A more contemporary example of this in linguistics is the focus on Merge. This abstracts away from a whole lot of stuff. But, it also by ignoring many other features of G rules (besides the capacity to endlessly embed) allows for inquiry to focus on key features of G operations: they spawn endlessly many hierarchically organized structures that allow for displacement, reconstruction, etc.  It also allows one to raise in simplified form new possibilities (do Gs allow for SW movement? Is inverse control/binding possible?). Abstraction need not make things more obscure. Abstracting away from irrelevancies is required to gain insight. It should be prized. ILAS fails to appreciate how CGG has progressed, in part, by honing sharper questions by abstracting away from side issues. One would hope a popularization might do this. ILAS did not. It made appreciating abstractions virtues harder to discern.

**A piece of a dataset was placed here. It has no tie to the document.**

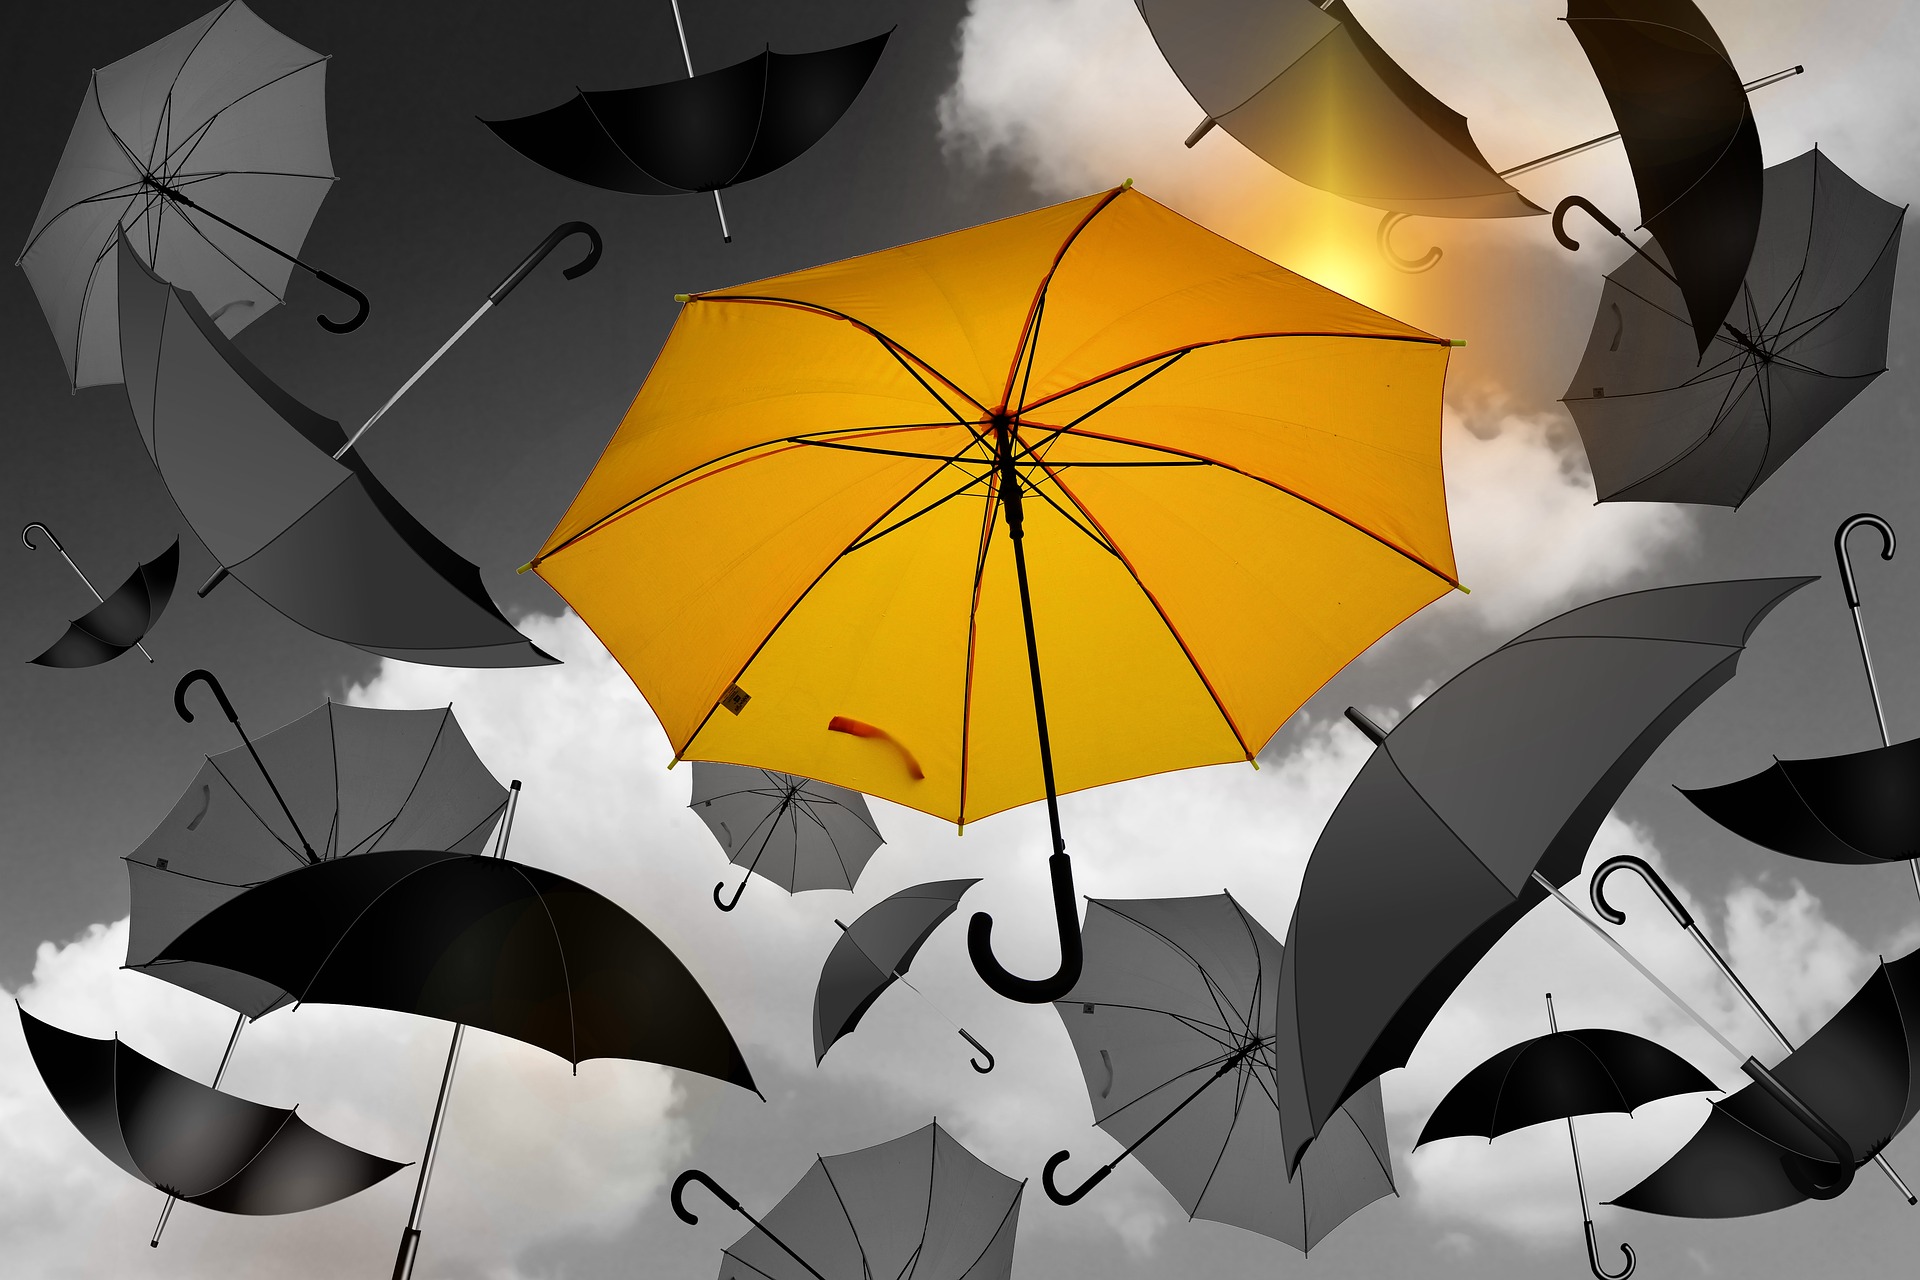 Image of several grey umbrellas floating in the sky. A single yellow umbrella floats in the middle of the picture in front of the grey umbrellas.

One more point: it has been suggested to me that many of the flaws I noted in ILAS were part of what made the piece publishable. In other words, it’s the price of getting accepted.  This might be so. I really don’t know. But, it is also irrelevant. If this is the price, then there are worse things than not getting published.  This is especially so for popular science pieces. The goal should be to faithfully reflect the main insights of what one is writing about. The art is figuring out how to simplify without undue distortion. ILAS does not meet this standard, I believe.

[1] The CGG as mysticism meme goes back a long way. I believe that Hockett’s review of  Chomsky’s earliest work made similar suggestions.
[2] In fact, few nowadays are able to identify a scientific method. Yes, there are rules of thumb like think clearly, try hard, use data etc. But the days of thinking that there is a method, even in the developed sciences, is gone.
[3] John Collins has an exhaustive and definitive discussion of this point in his excellent book (here). Read it and then forget about methodological dualism evermore.